不过连着两次潮吻抚弄,皮肤下的刺痒确实也开始一阵接一阵冒出,冲得他腿都发软了。

纪源轻声叹气,手放到蒋安睿的大腿上,声音软绵绵的像是在撒娇,“忍不住了。”

内裤前后都湿乎乎的,糊在灼热瘙痒的皮肤上,他现在坐着都得用手背垫在屁股下面,就怕汩汩的液体弄脏沙发。

还好穿的是纯黑西裤,就算湿了,在这种光线下也看不出来。

喉咙也是又干又涩,纪源颤着手喝光自己杯里的酒饮,冰凉的液体下肚,又一路烧上来,酒意烫得他低吟一声。

蒋安睿将他手里的杯子放到桌上,便拽着人起身往外走,不顾其他人喔喔怪叫,大声猜测他们是要去开房。男人丢下一句“透透气”,就把纪源带出了包间。

幸好走廊上没人,两人都明显硬着,兜在弹性不好的裤子里,快步行走的时候,龟头都顶到了拉链上。

纪源晕乎乎地看着自己被牵着的手腕,刚走出几步,脑子一热,不知道哪来的冲动,脱口而出,“蒋安睿,我们以后别再见面了吧。”

然后他撞上一堵肉墙,鼻梁一酸,脑子更晕了。

蒋安睿听到那话,只觉得周围空气都稀薄了许多,默了几秒,转过身沉着声音问他,“什么?”

纪源舌头还酸着,话也说得有点费劲,但蒋安睿还是听清楚了,“我说,我们以后不要再见面了……痛!”

蒋安睿太阳穴跳个不停,却是松开了紧捏着纪源的手,嘴角牵起一抹笑,“你是被亲得脑子坏了,还是酒喝多了只能用屁股说话?”

上一秒还坐在自己身边说“只有你能满足我”,现在是心血来潮地在闹什么??

纪源知道他在生气,也知道他本来脾气就不好,一点就炸,但没想到蒋安睿能把话说得这么难听,于是脾气也上来了,“你脖子上顶着个鸡巴的说什么呢?不就是随便分个手吗至于这样?”说话有些大舌头,稍微用点心听,就知道他是醉了。

蒋安睿却是在气头上,没注意到纪源醉醺醺的小磕巴,一下子没收住力道,捏住他的肩将人“嘭”地惯到墙上,恼得眼睛发红,“你再说一次?!”

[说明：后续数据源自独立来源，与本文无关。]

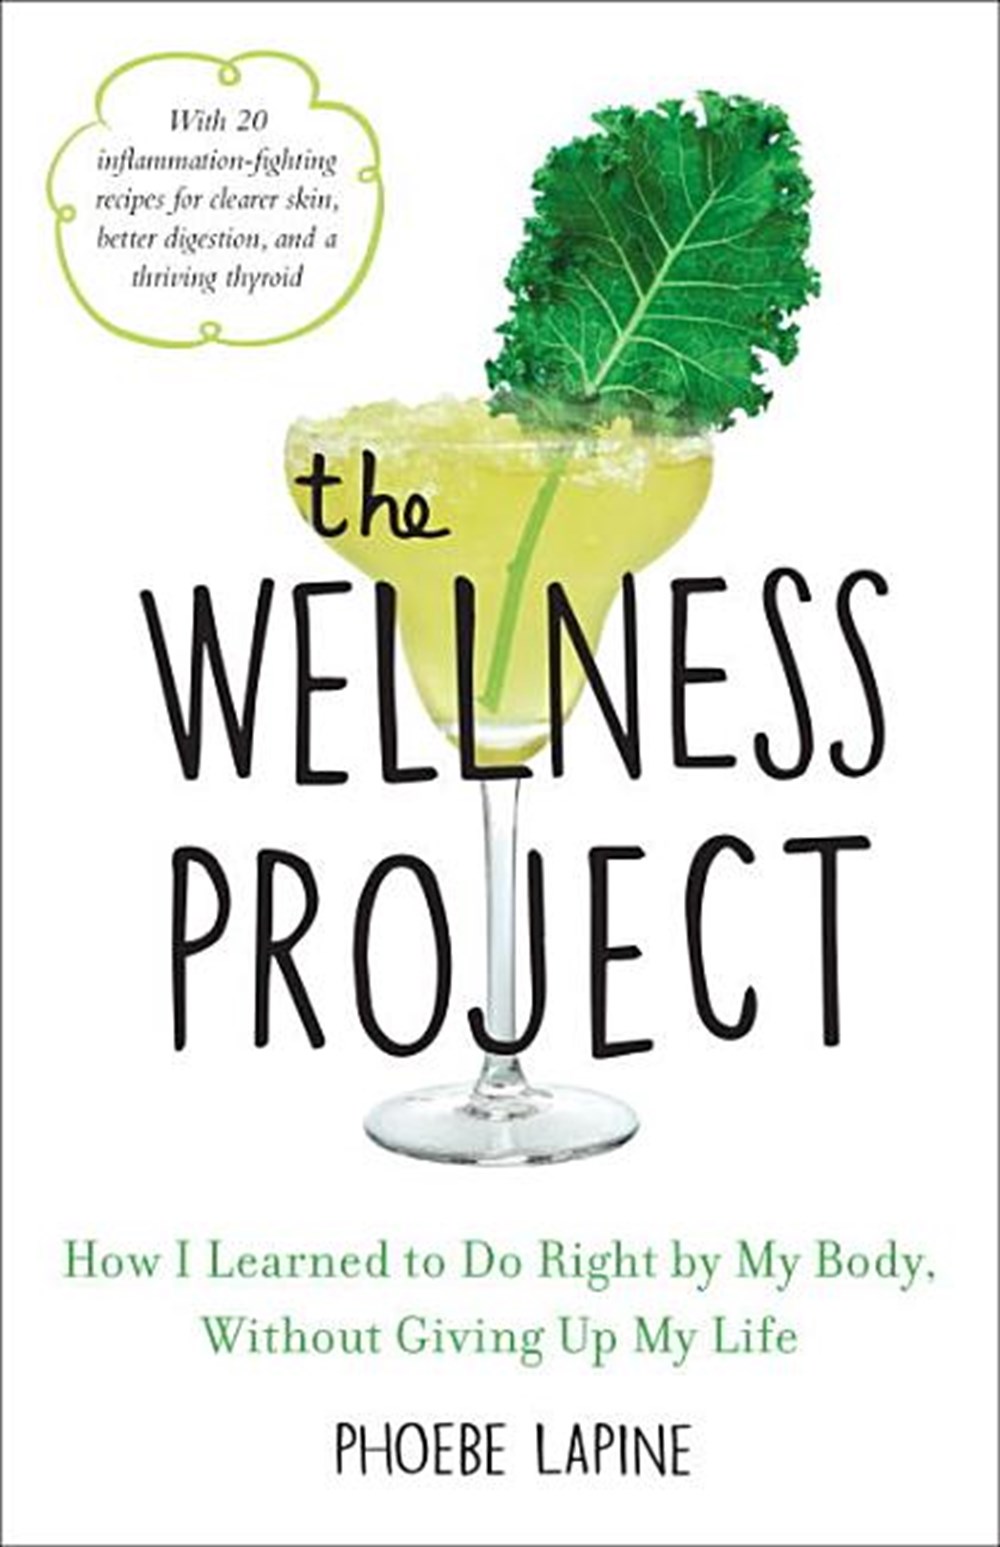 Wellness Project: How I Learned to Do Right by My Body, Without Giving Up My Life

随便分个手?随便分??他暗地里忙活这么久都快把股份收拢好了,人没追上,还要被分手??!

纪源背上一麻,痛得酒醒了大半,脸也迅速拉了下来,真的被蒋安睿弄生气了,冷嗤道,“野狗听不懂人话?”

蒋安睿还没回嘴,旁侧突然传来匆匆的脚步声,还有传呼机的声音,蒋安睿反应过来,两人闹得声音有些大了,引来了楼层经理和保安。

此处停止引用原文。